The company said it was unable to give recommendations on how to reduce the risk of recurrence. Ethicon states in the notice, "Based on the currently available data, Ethicon believes the higher rates to be a multifactorial issue (including possible product characteristics, operative and patient factors), but has not been able to fully characterize these factors." The U.S. Food and Drug Administration (FDA) has been notified of the issue.

J&J, along with other device makers, has faced substantial litigation over mesh products in the past. The base layer of the Physiomesh is made of polypropylene, the same material used in transvaginal mesh and slings. The Physiomesh is used for minimally invasive abdominal and groin hernia repair. Pelvic mesh is used to treat stress urinary incontinence and pelvic organ prolapse.

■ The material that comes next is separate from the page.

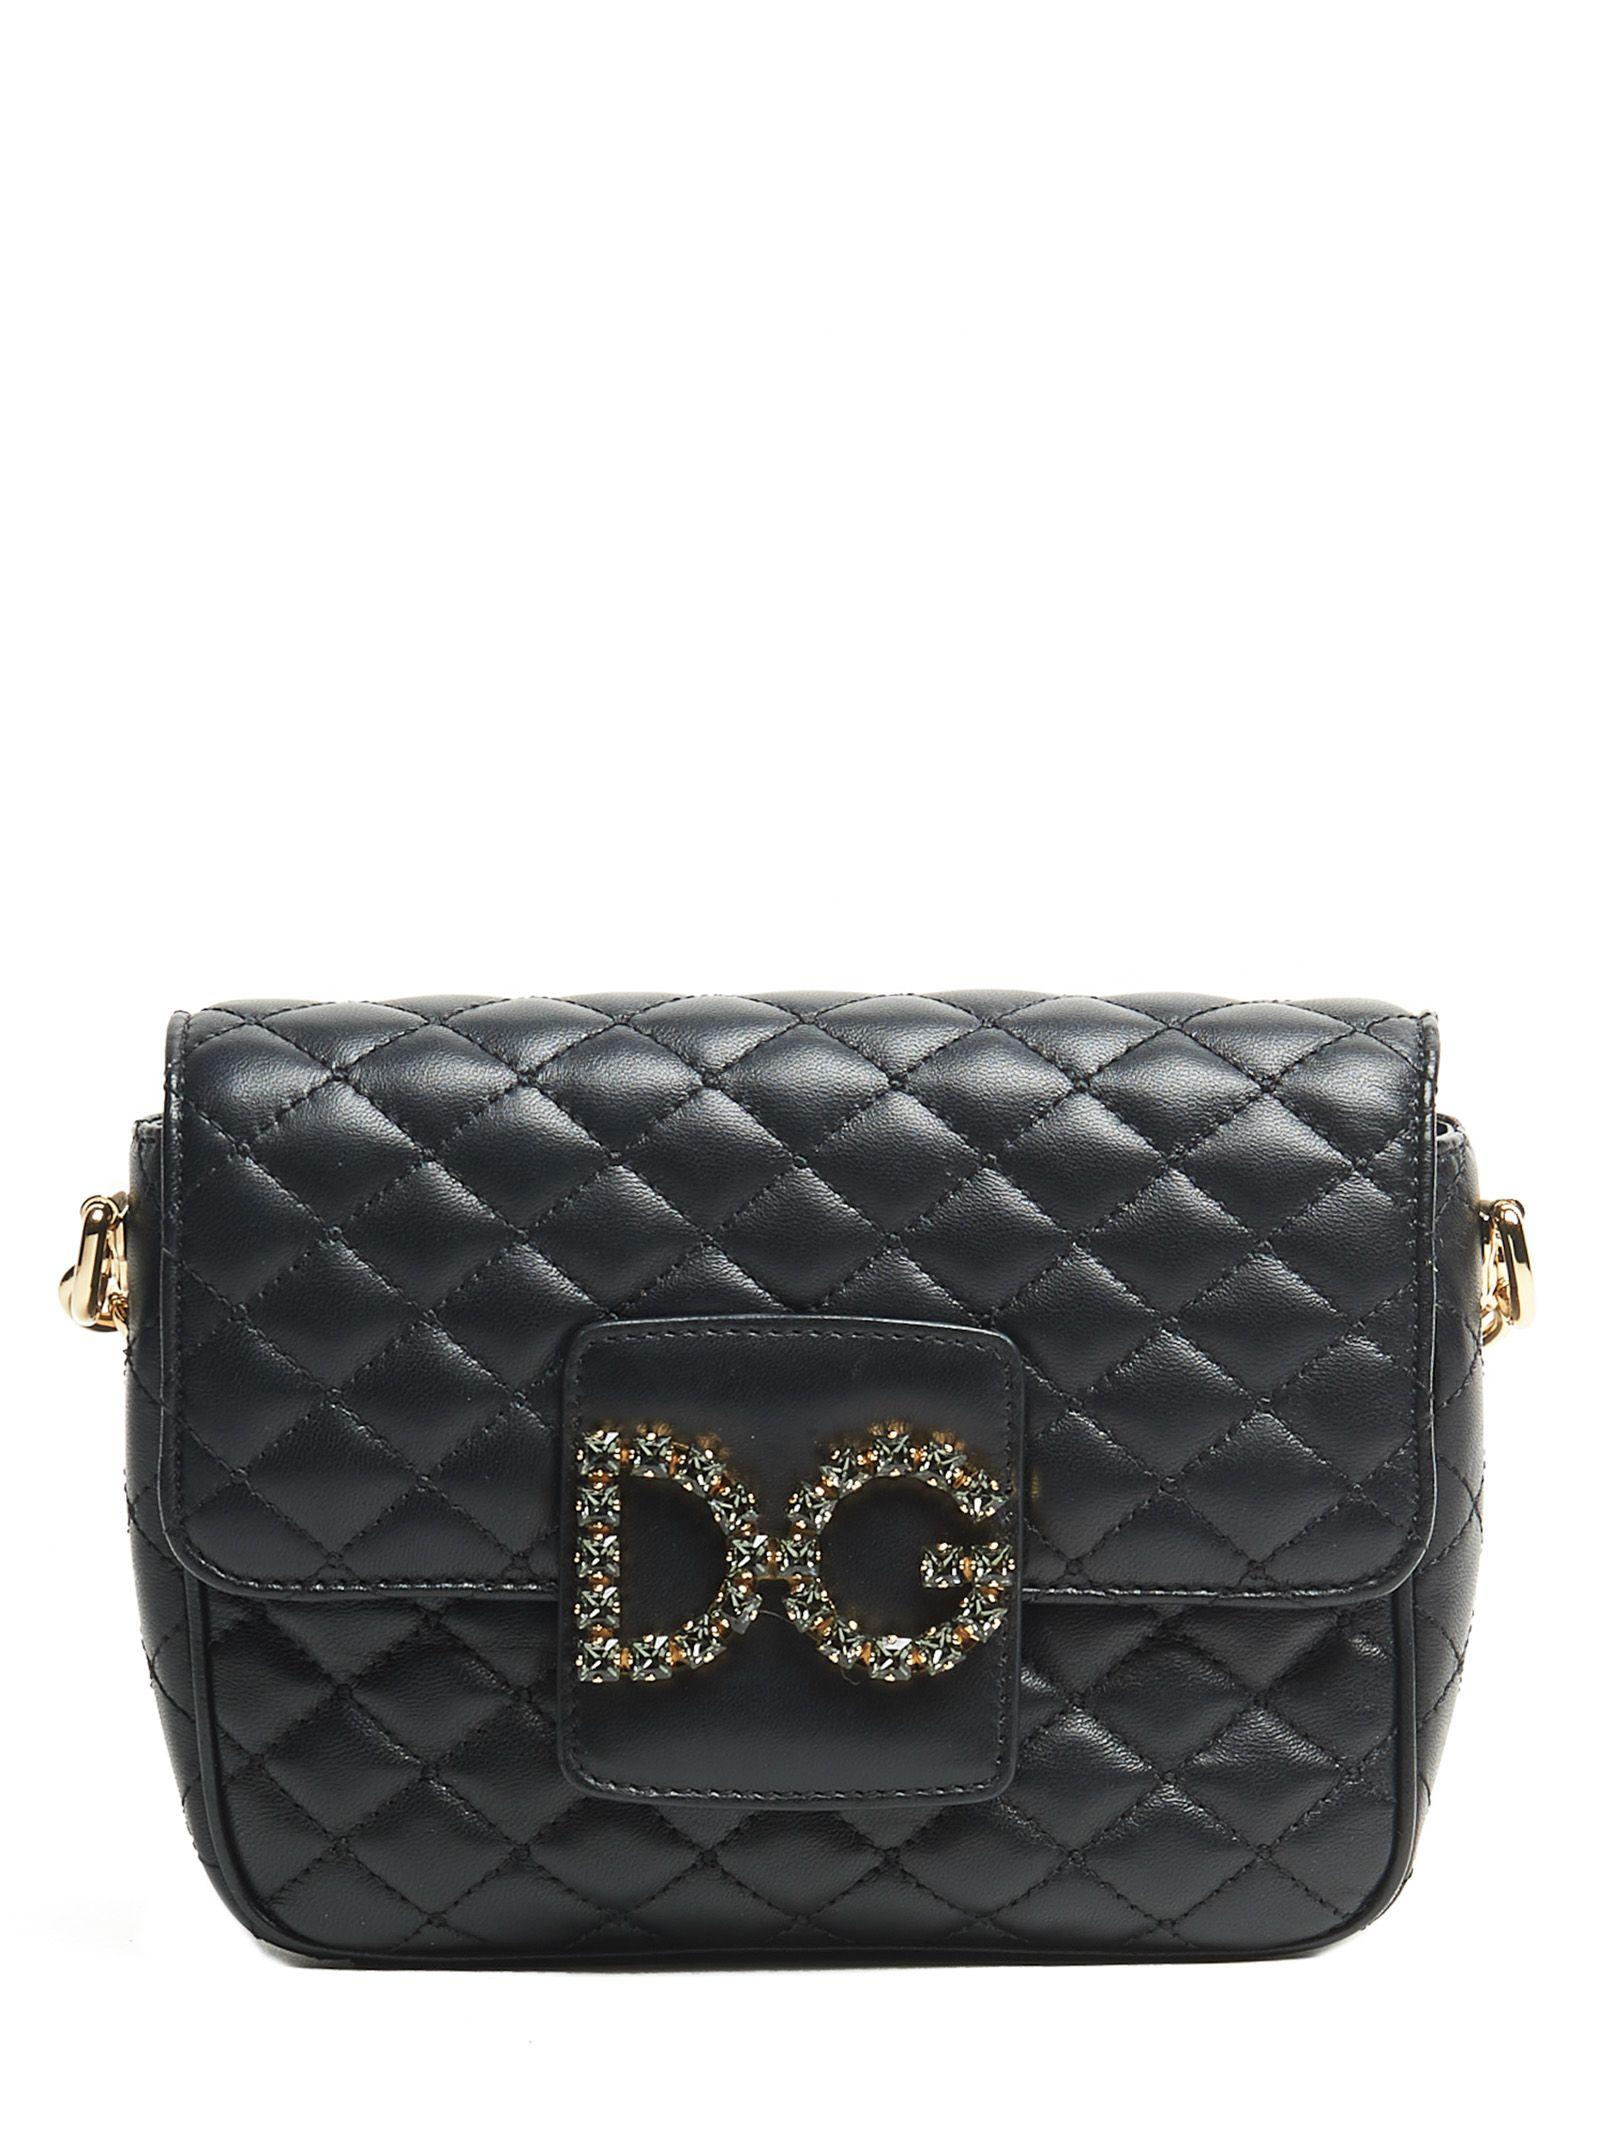 0143769697 Dolce   Gabbana Dolce   Gabbana  dg Millennials  Bag - Black ...

Failed Warning of Serious Complications

Plaintiffs in the transvaginal mesh litigation alleged that device makers failed to warn about the risk of mesh erosion and other serious complications. A number of women alleged that they underwent a number of procedures to remove the embedded mesh, but the attempts were still not successful. Lawsuits alleged that J&J did not clinically test the devices for safety or efficacy because they were approved through 510(k), which allows devices onto the market without clinical testing if manufacturers can show that the devices are "substantially equivalent" to an older device on the market. Ethicon Physiomesh was also approved through this process in October 2014.

In light of numerous complaints and safety concerns, the FDA has reclassified transvaginal mesh products as high-risk. This means that the devices can no longer go through 510(k); they must be approved through the stricter pre-market approval process, which mandates clinical testing for safety and efficacy.